--- Collected data ---
● ● ●
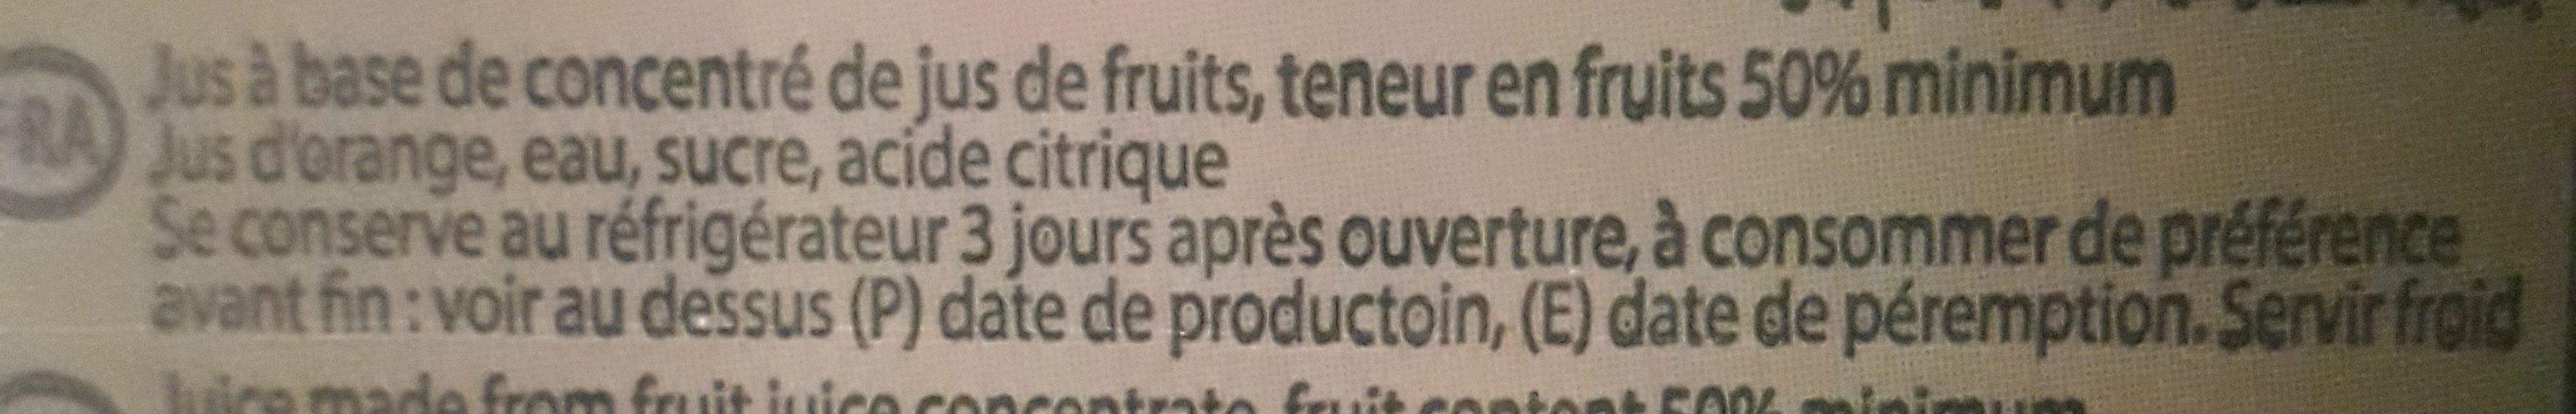 nectar orange - Ingrédients - fr
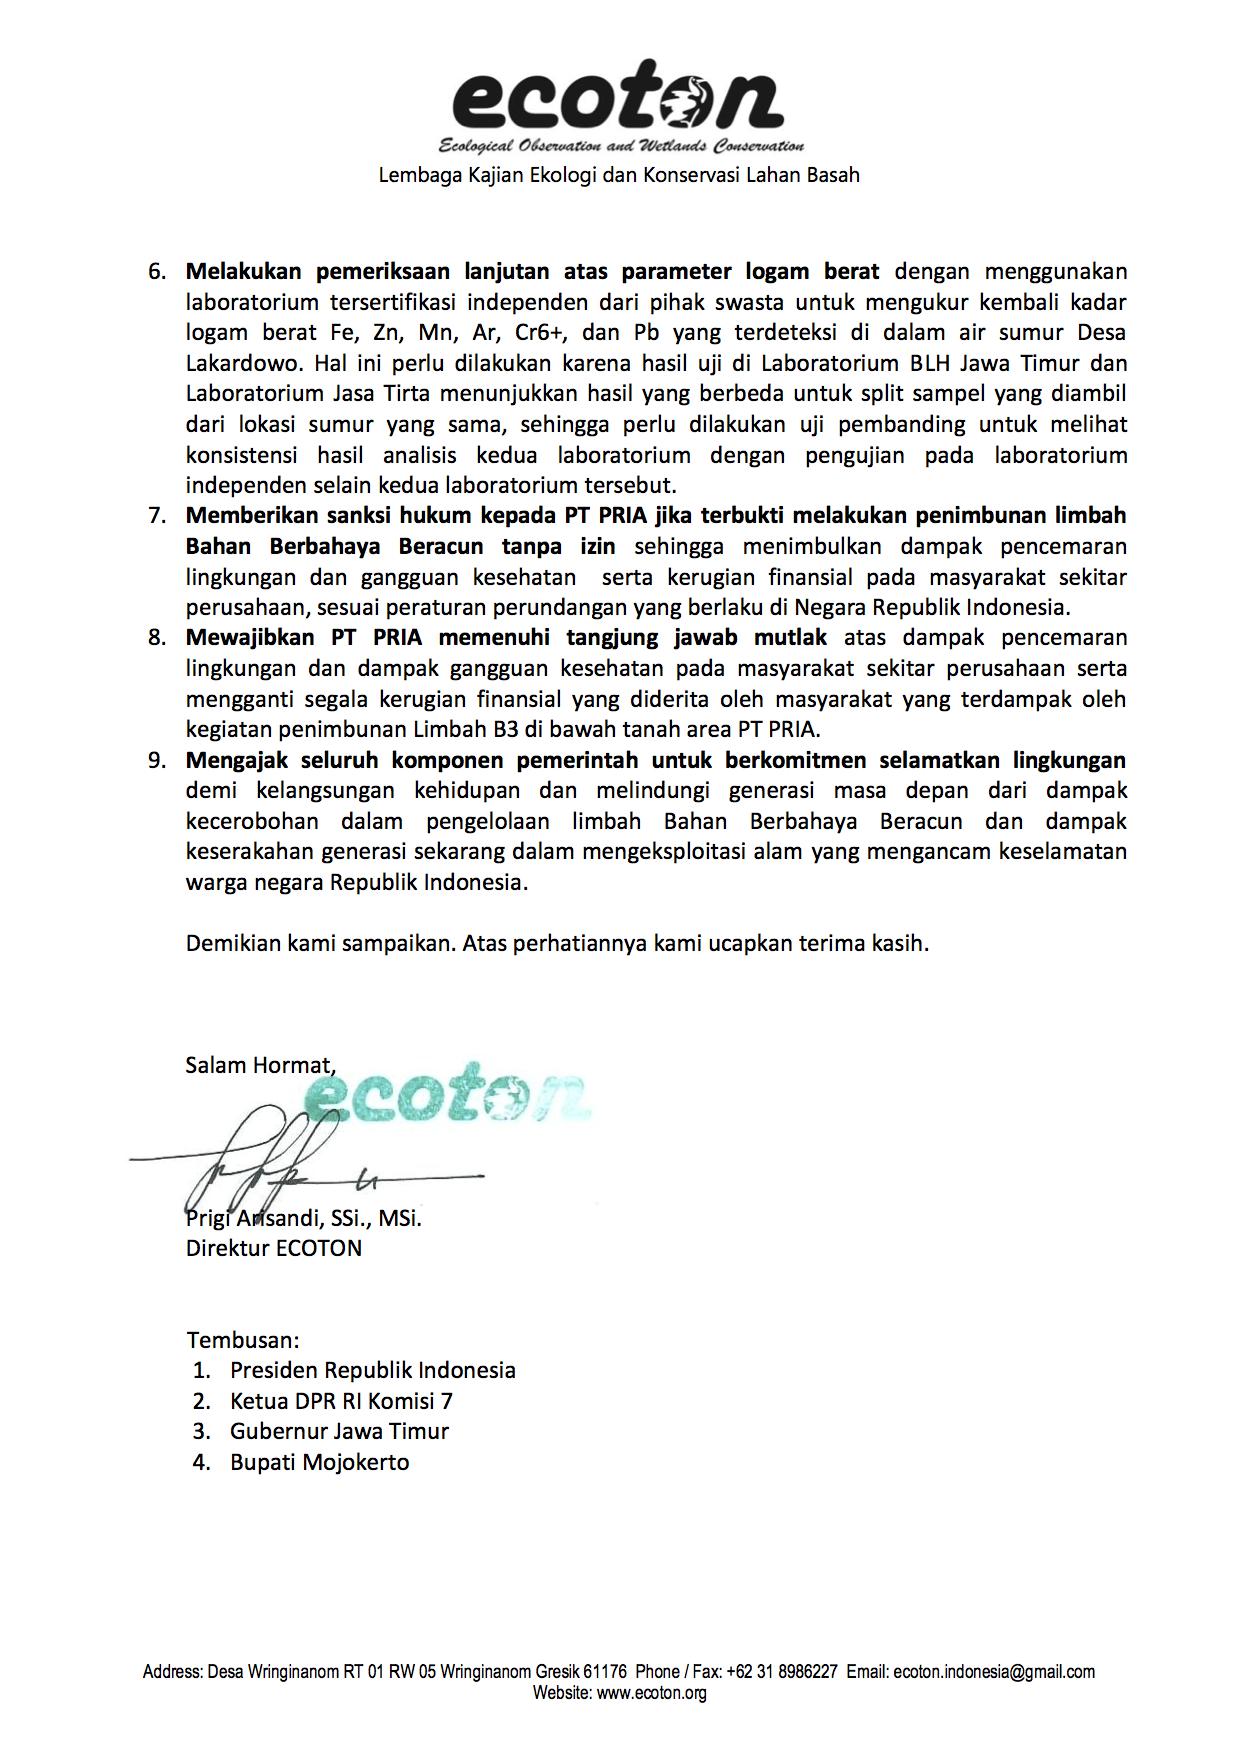 Penolakan Analisis KLHK oleh ECOTON 4
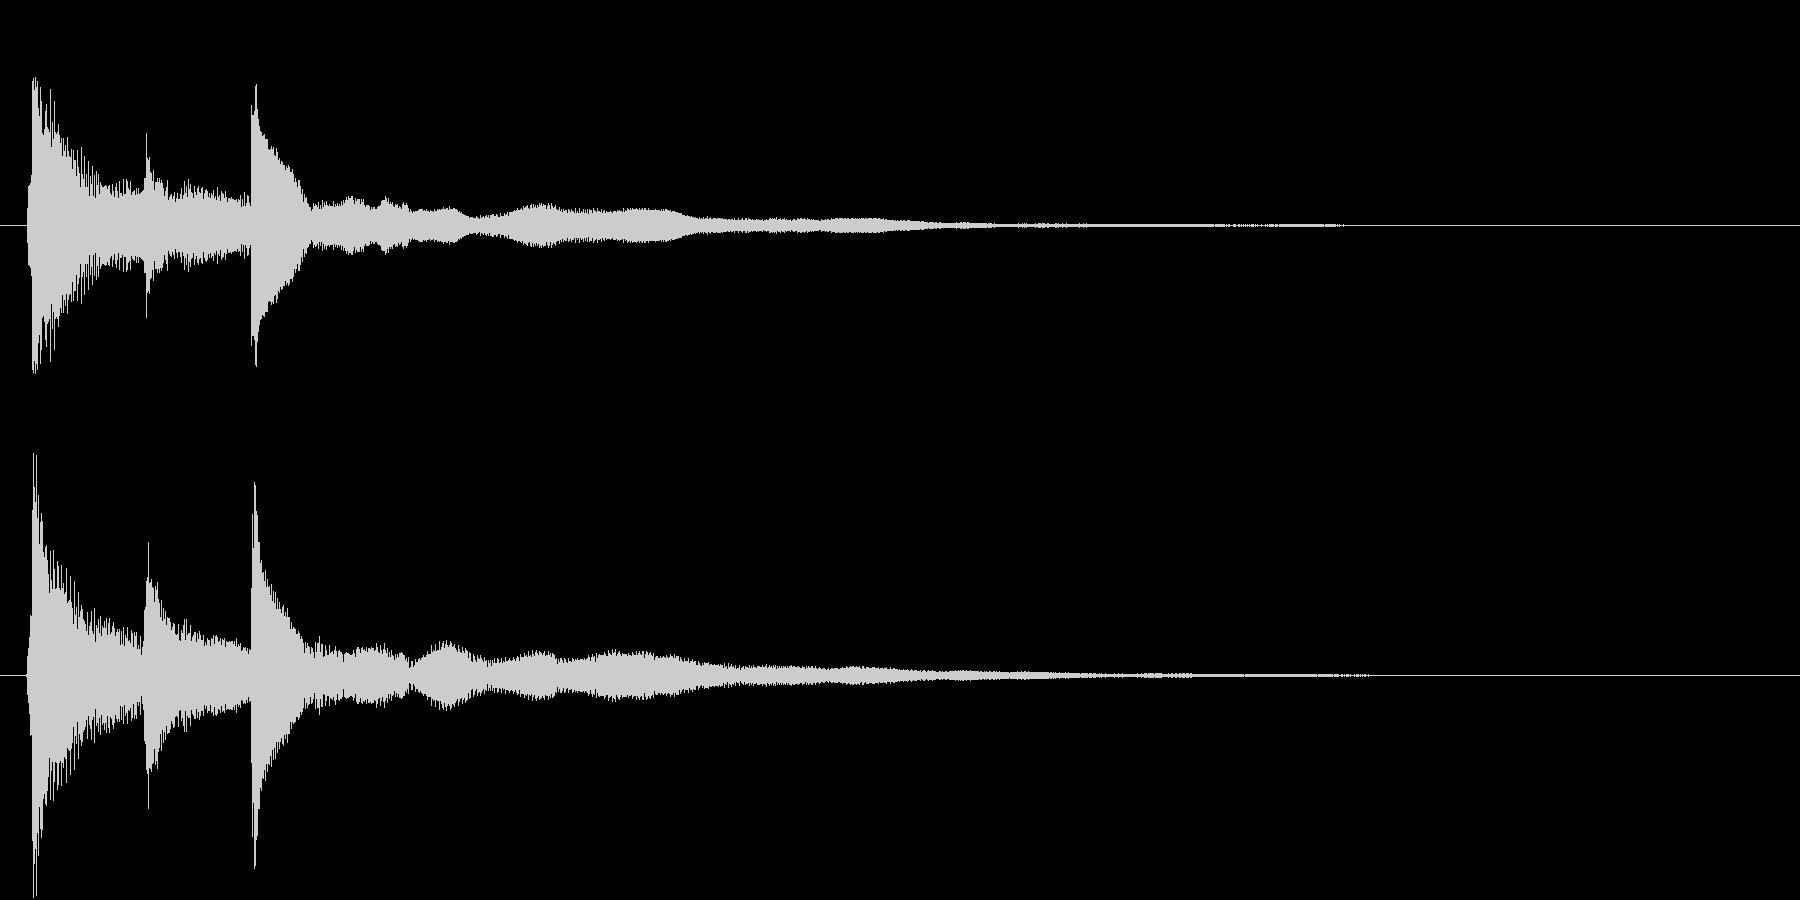 シンプルなピアノジングル01(ショート)の未再生の波形
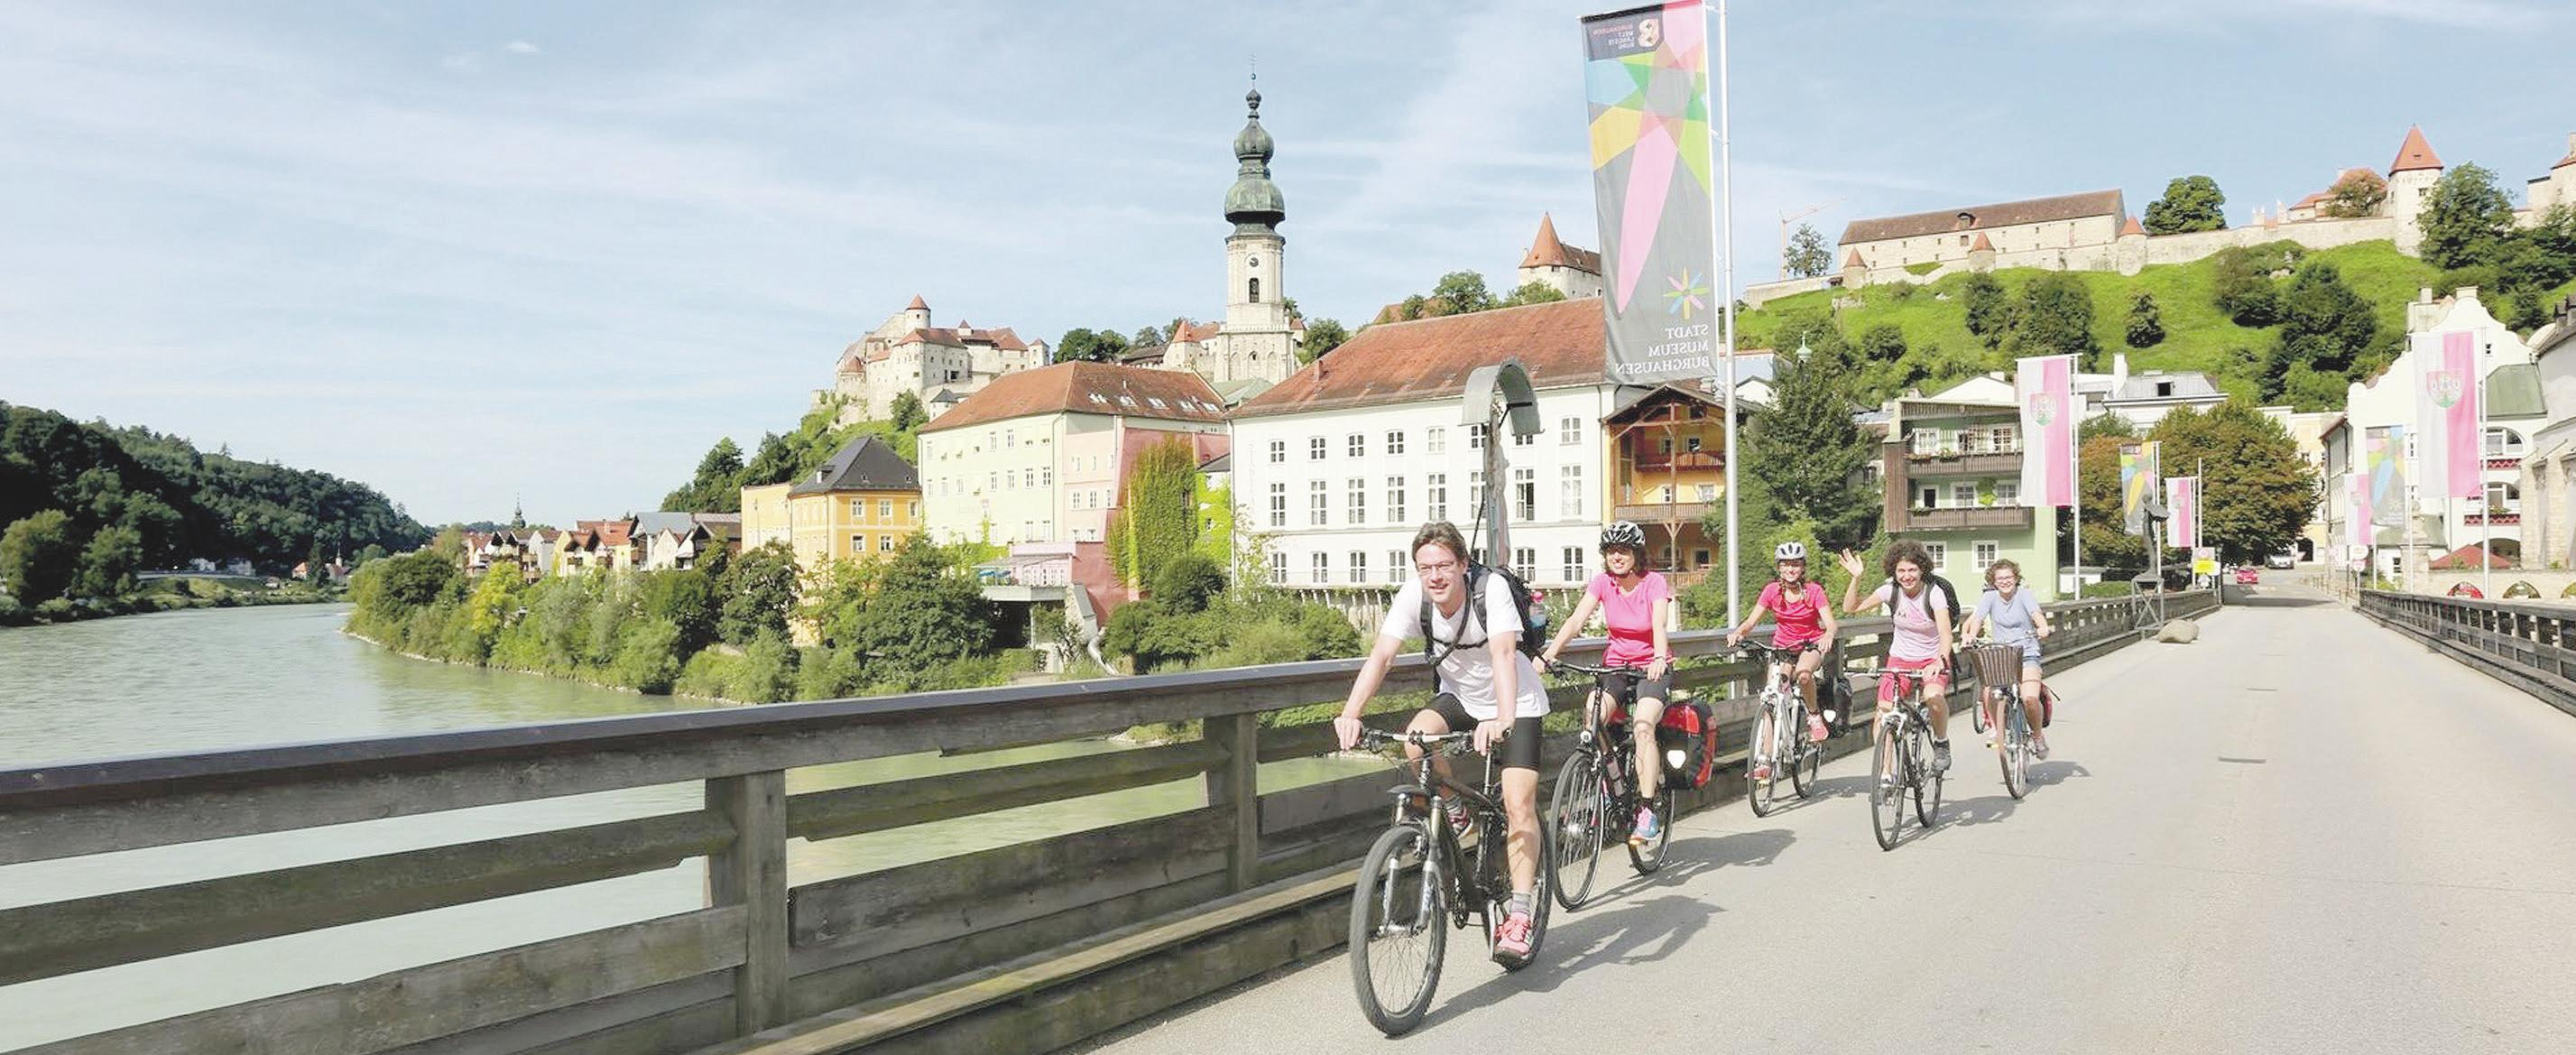 Urlaub dahoam: Kultur- und Freizeitparadies rund um die weltlängste Burg Image 6
● ● ●
--- Your goal ---
Give back the data exactly, with no images.

--- Result ---
 nectar orange - Ingrédients - fr
 Penolakan Analisis KLHK oleh ECOTON 4
 シンプルなピアノジングル01(ショート)の未再生の波形
 Urlaub dahoam: Kultur- und Freizeitparadies rund um die weltlängste Burg Image 6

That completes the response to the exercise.